No-Bake Layered Blueberry Cheesecake (Gluten Free + Paleo)

This no-bake layered blueberry cheesecake is absolutely going to be a new most-liked around here. It’s difficult to resist the rich and creamy cheesecake layers. Most especially once you add the tangy, jammy blueberry topping!

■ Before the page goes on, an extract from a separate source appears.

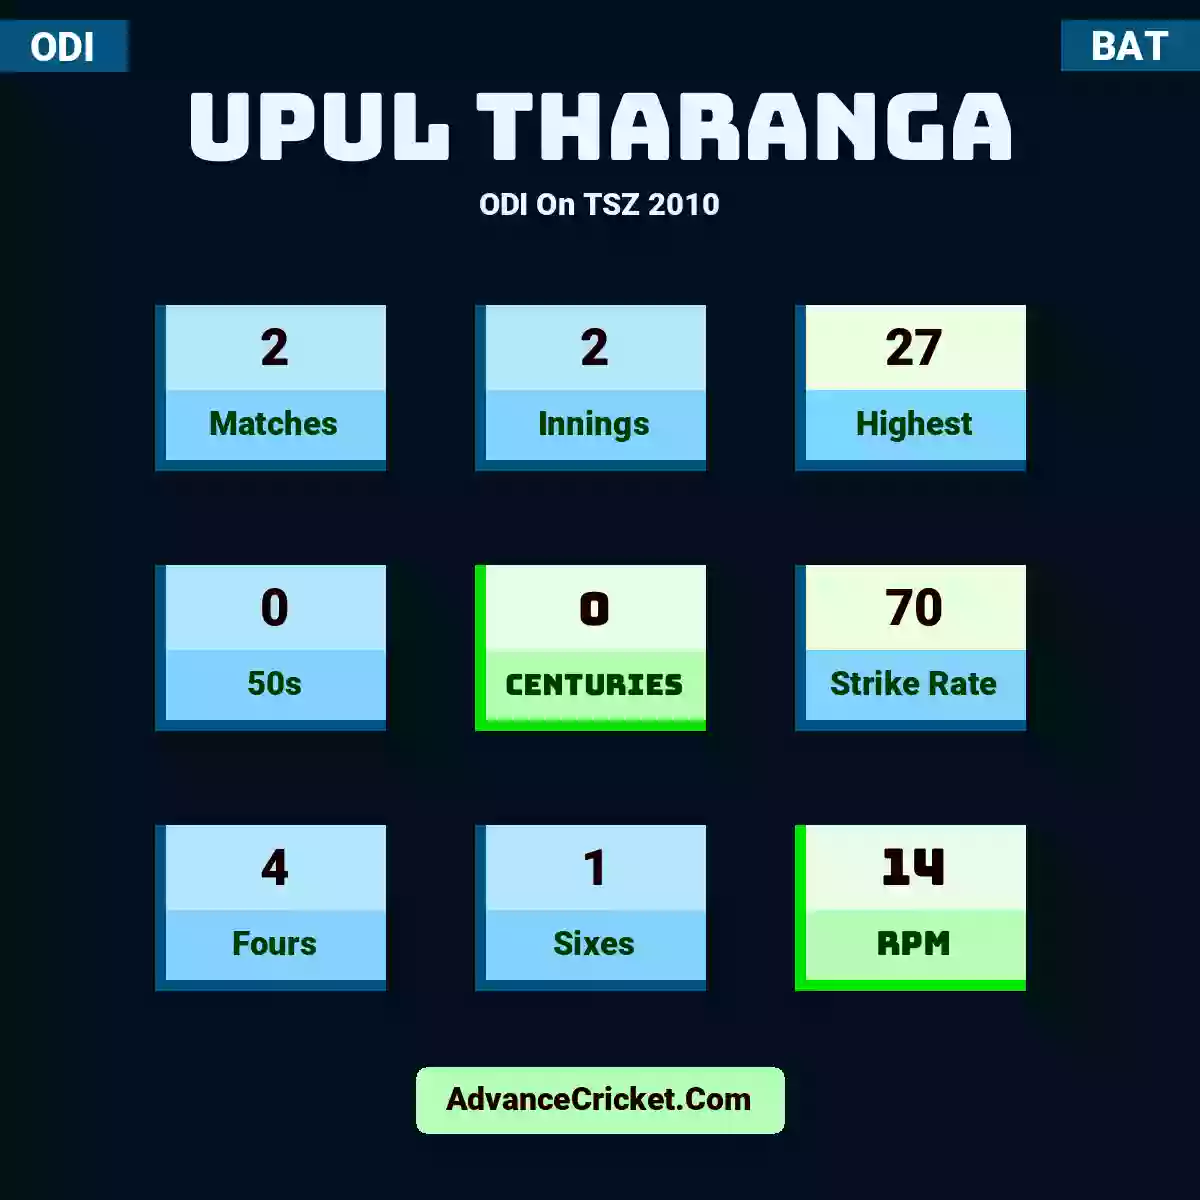 Upul Tharanga ODI  On TSZ 2010, Upul Tharanga played 2 matches, scored 27 runs as highest, 0 half-centuries, and 0 centuries, with a strike rate of 70. U.Tharanga hit 4 fours and 1 sixes, with an RPM of 14.

This no-bake layered blueberry cheesecake is made with soaked cashews which helps them blend super easily into the most luxurious, creamy filling you can imagine. Combined with full-fat canned coconut milk, a bit of coconut oil, maple syrup, lemon juice, and vanilla.

More reason why I love this no-bake layered blueberry cheesecake is that you can store any leftovers in the freezer for a while if you are not serving a crowd.

Always remember It’s important you soak your cashews before you blend them (you can soak overnight or soak them in hot water for 15 minutes before blending). This is because soaking your cashews will give you the creamy consistency you desire for a cashew cheese sauce (instead of a more grainy/chunky sauce which I know you won’t like).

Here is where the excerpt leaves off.